RAW DATA section start

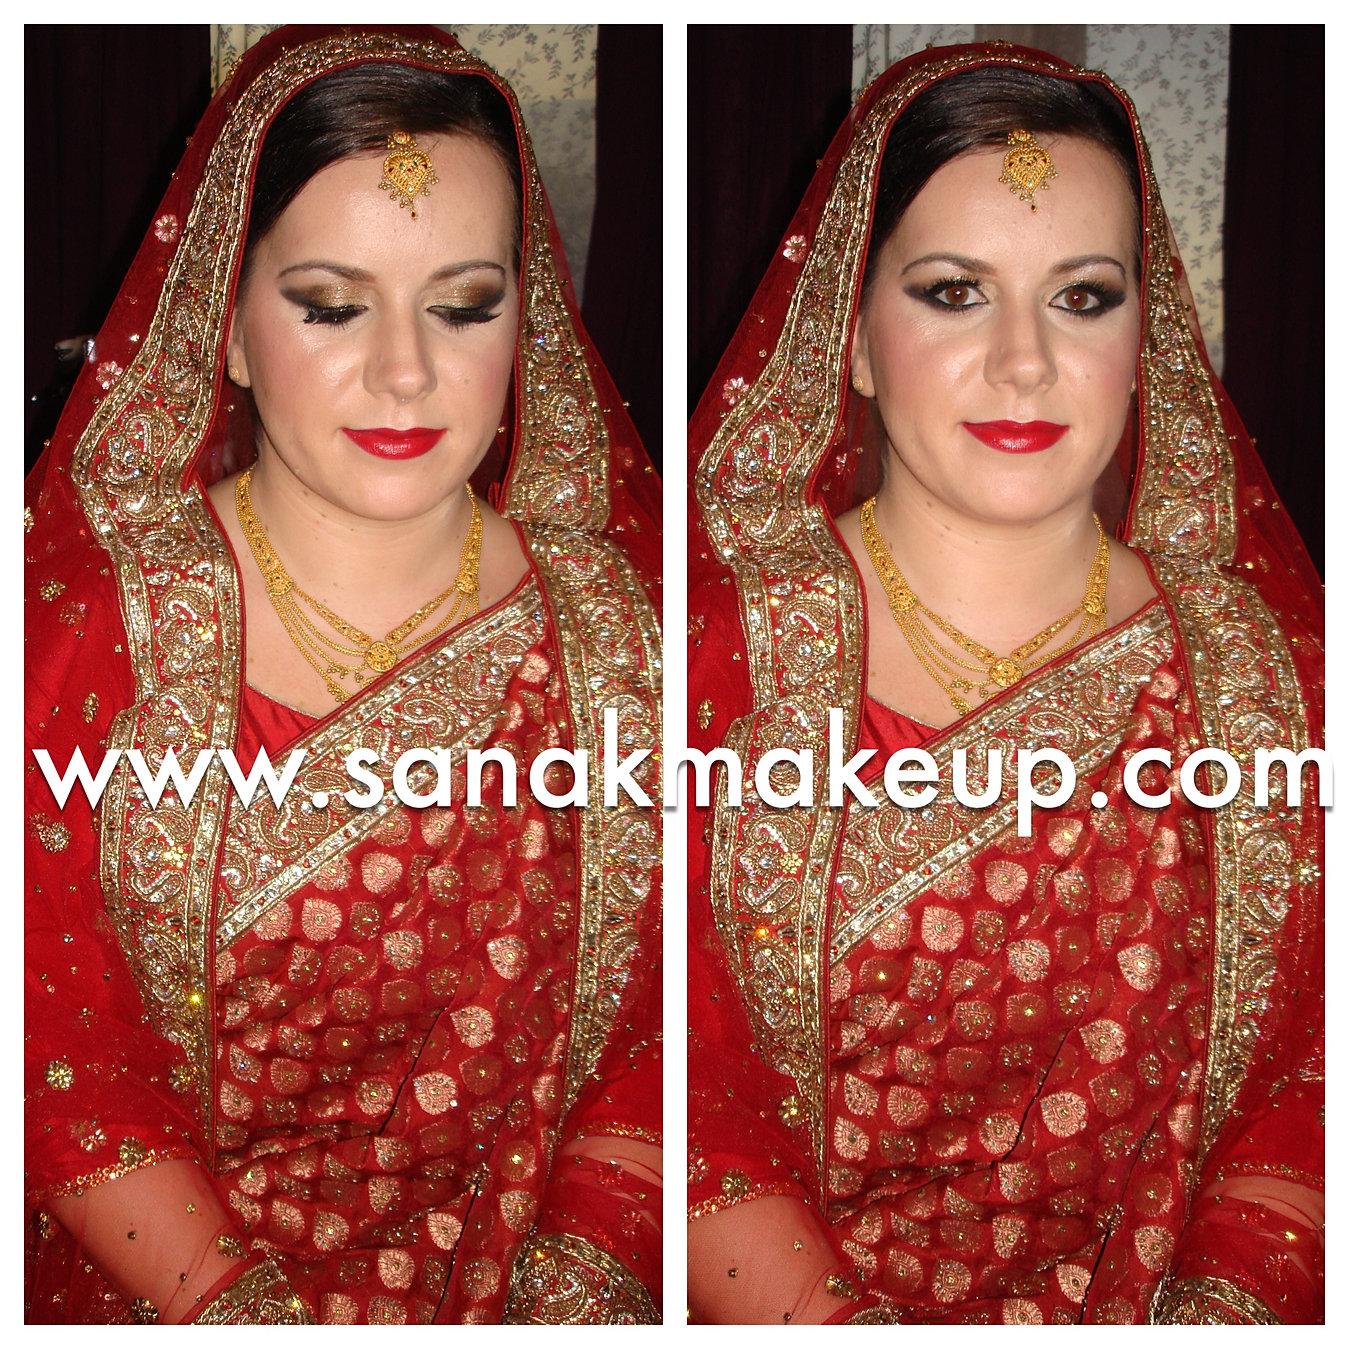 asian bridal makeup artist london | asian bridal makeup courses london
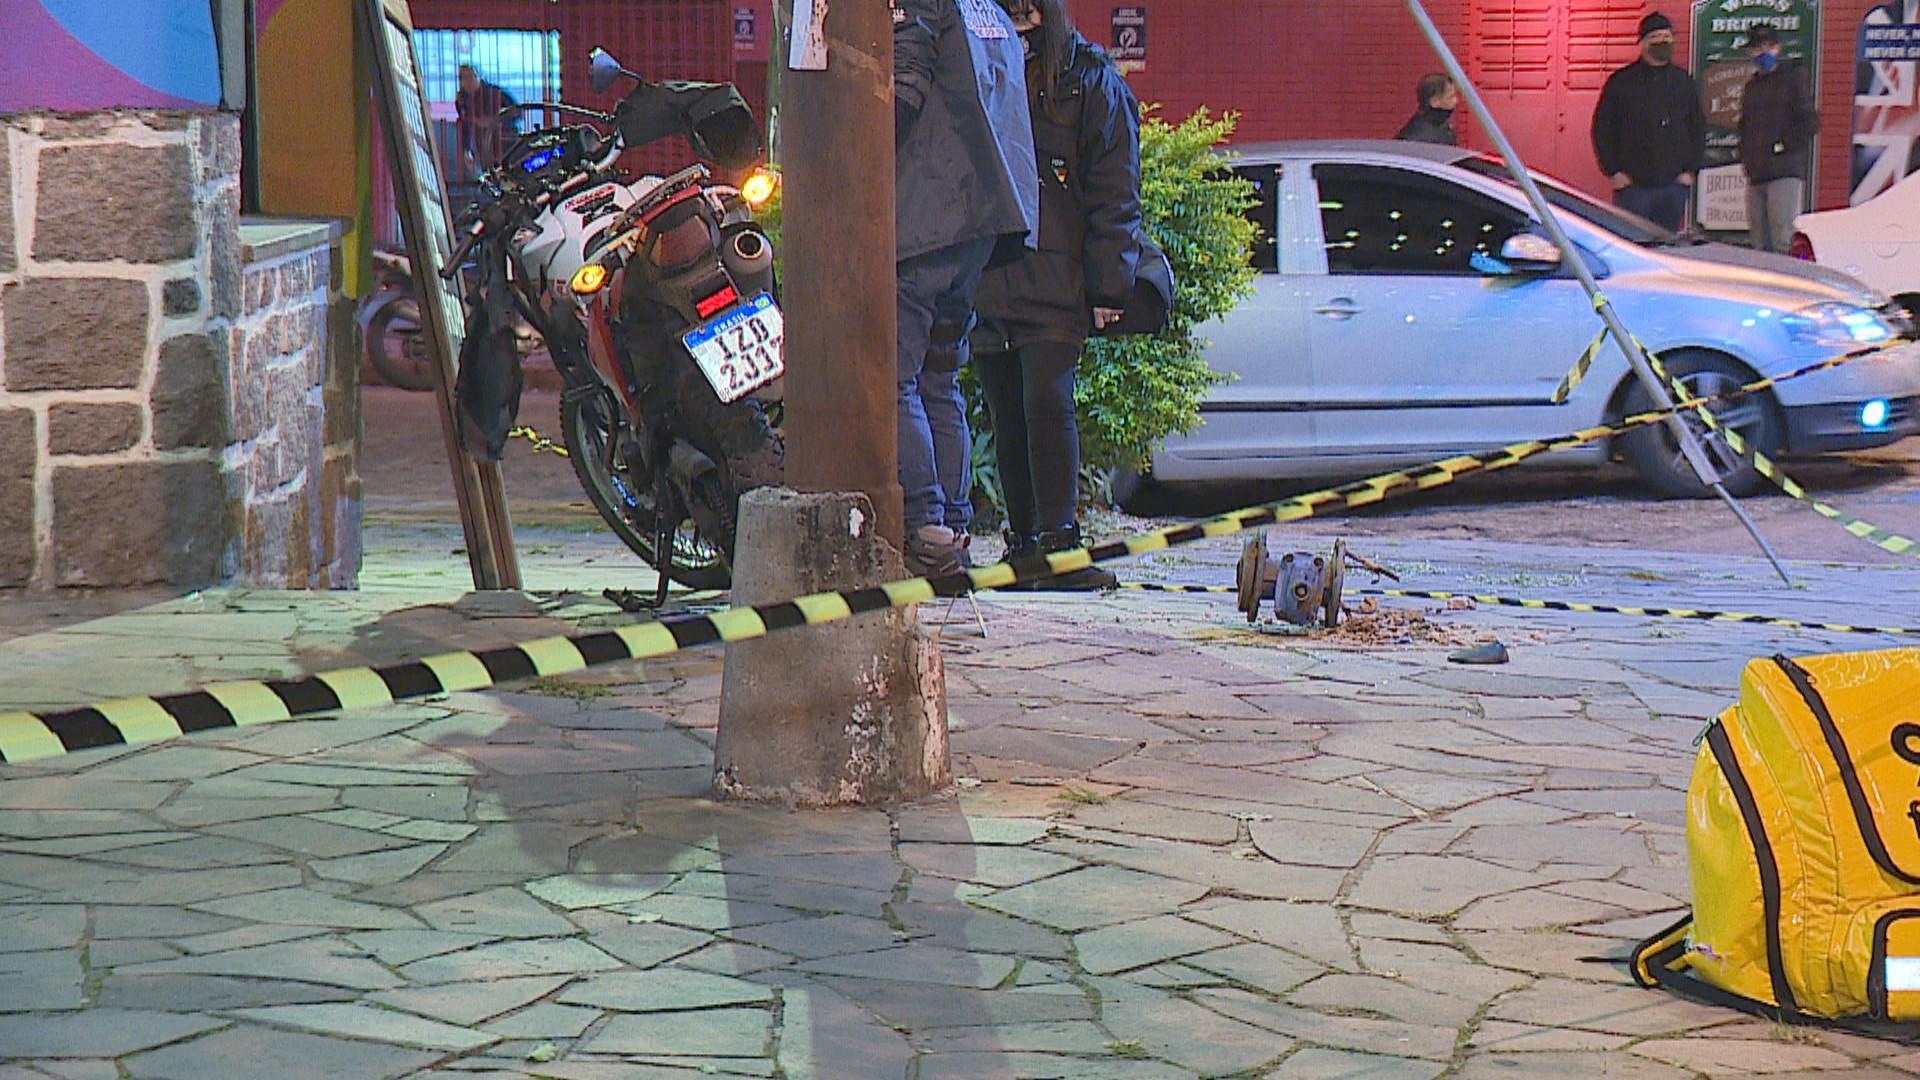 Motociclista morre após colidir contra poste em Porto Alegre
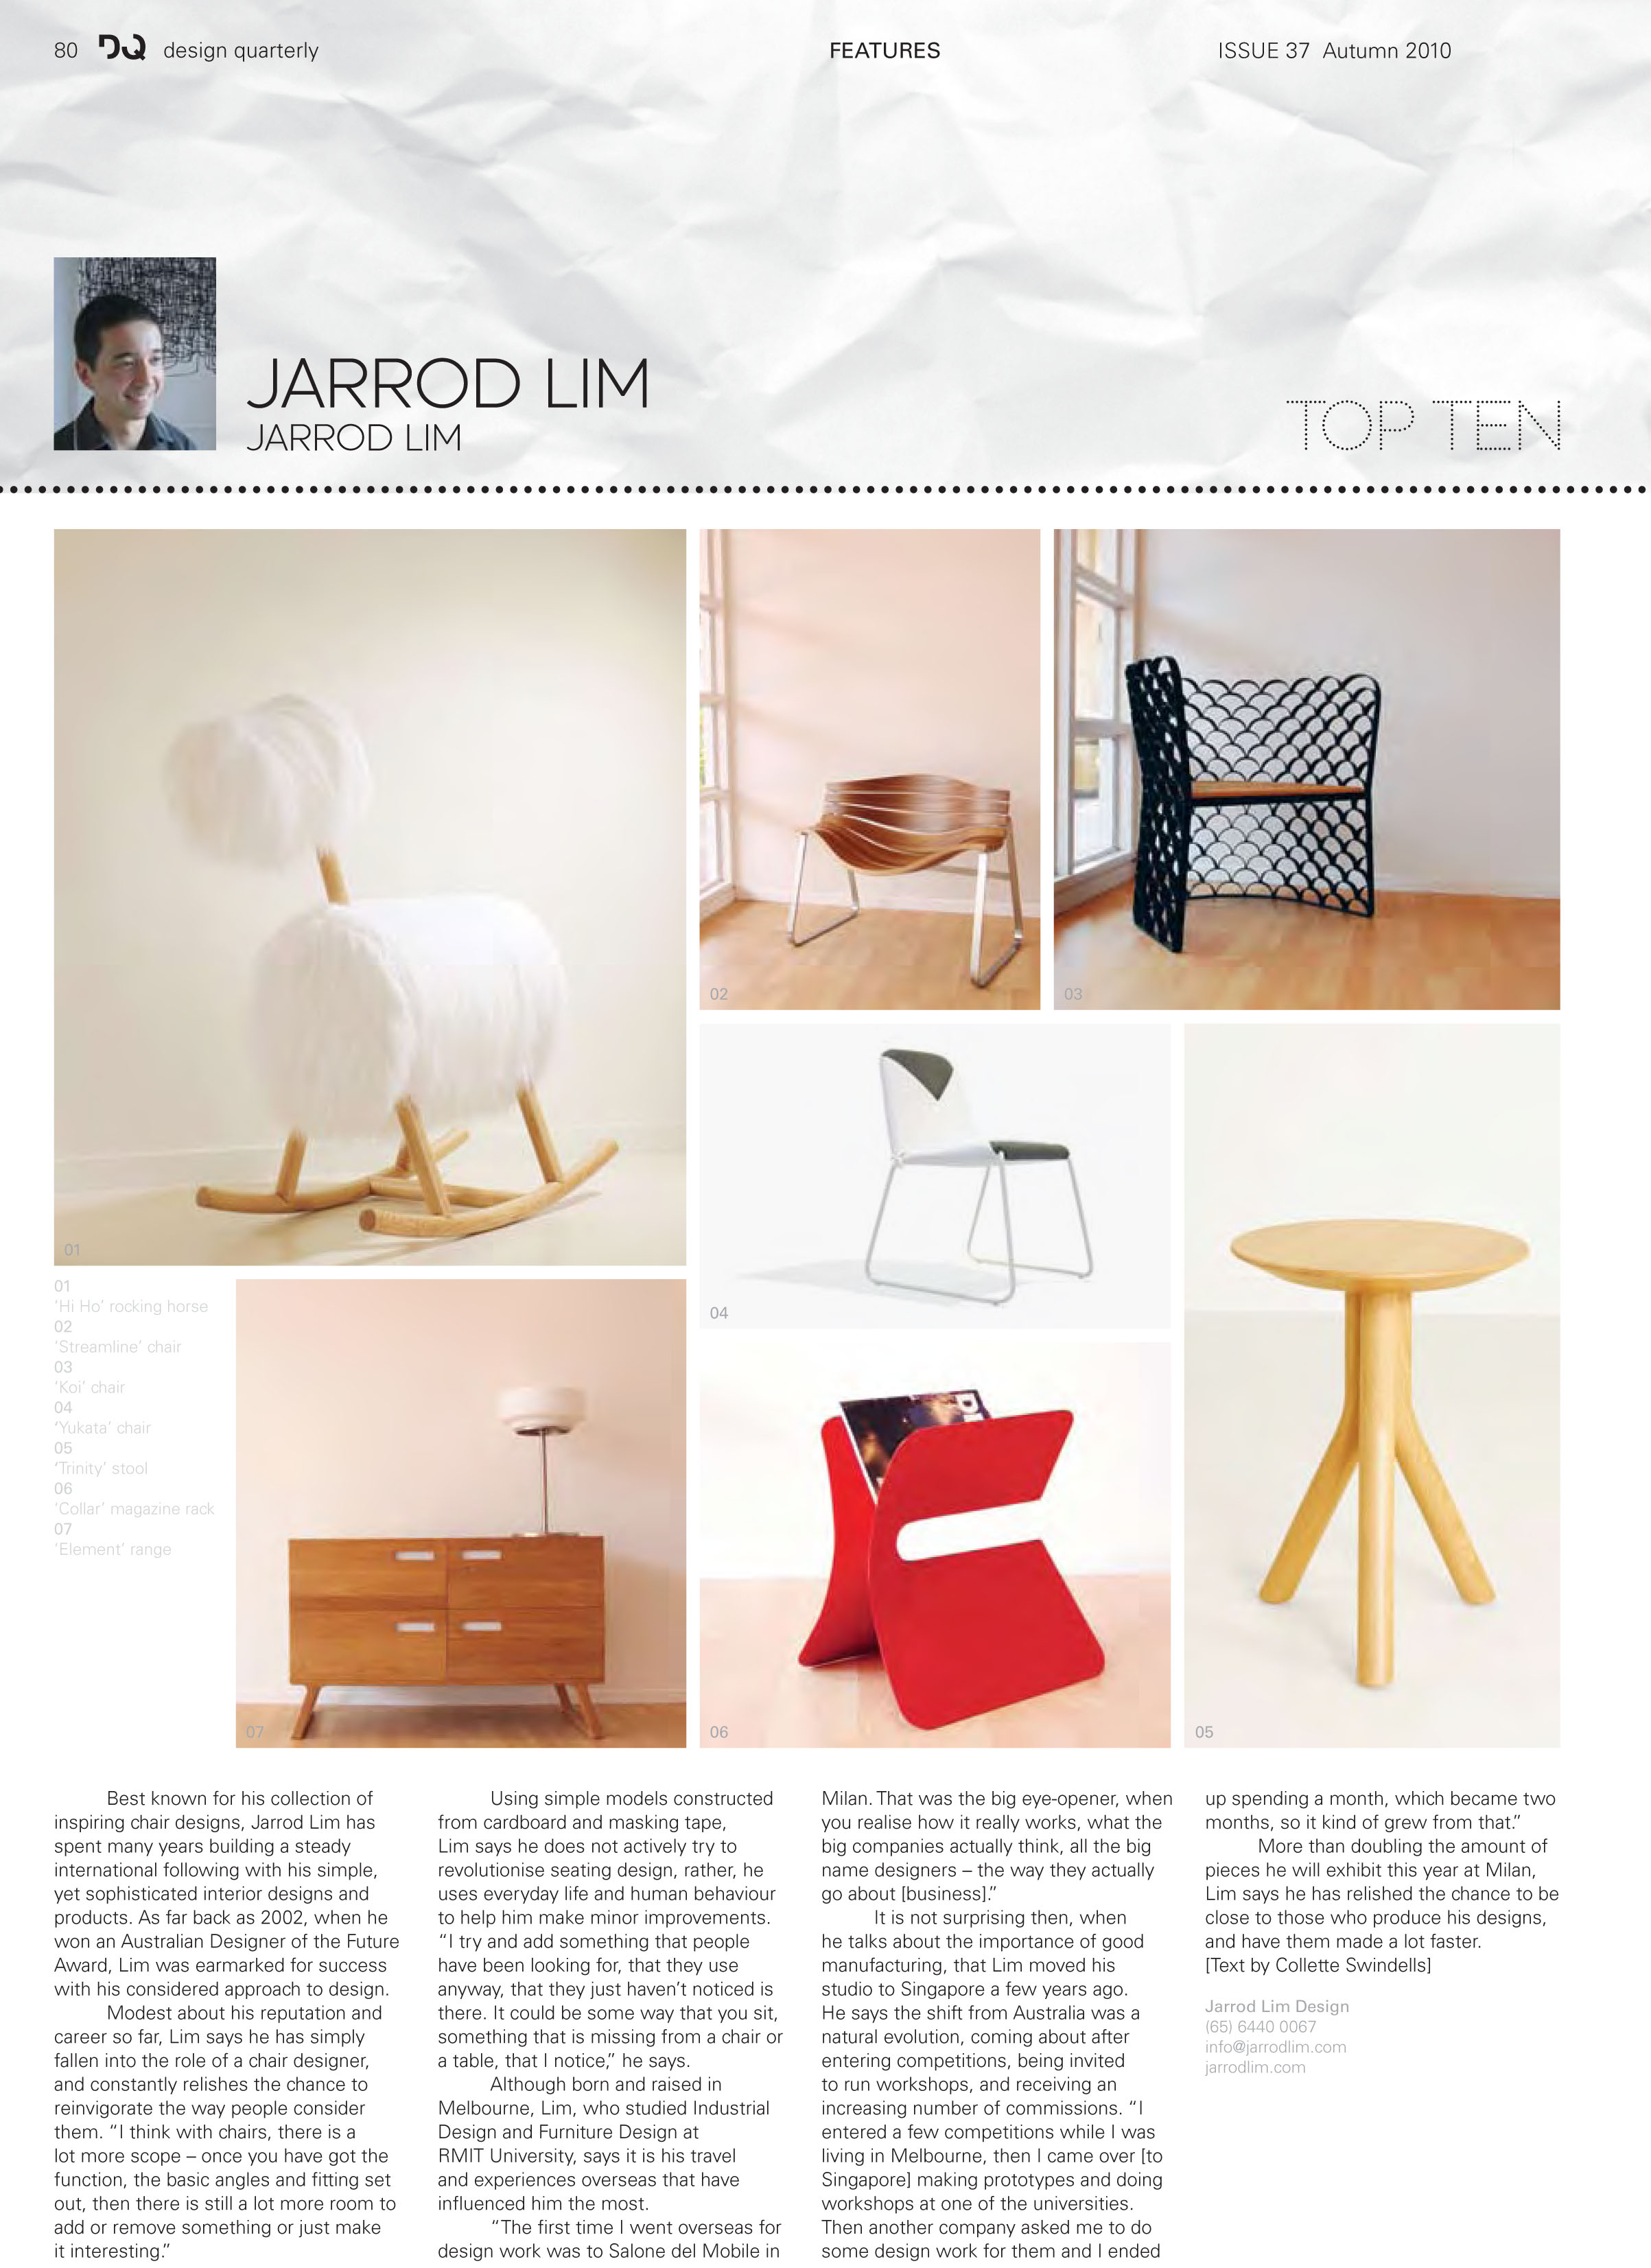 DQ Magazine Top Ten - 2010

RAW DATA section end

#### TASK DIRECTIONS:
Reproduce the data verbatim and omit each image.

#### REPLY:
 asian bridal makeup artist london | asian bridal makeup courses london
 Motociclista morre após colidir contra poste em Porto Alegre
 DQ Magazine Top Ten - 2010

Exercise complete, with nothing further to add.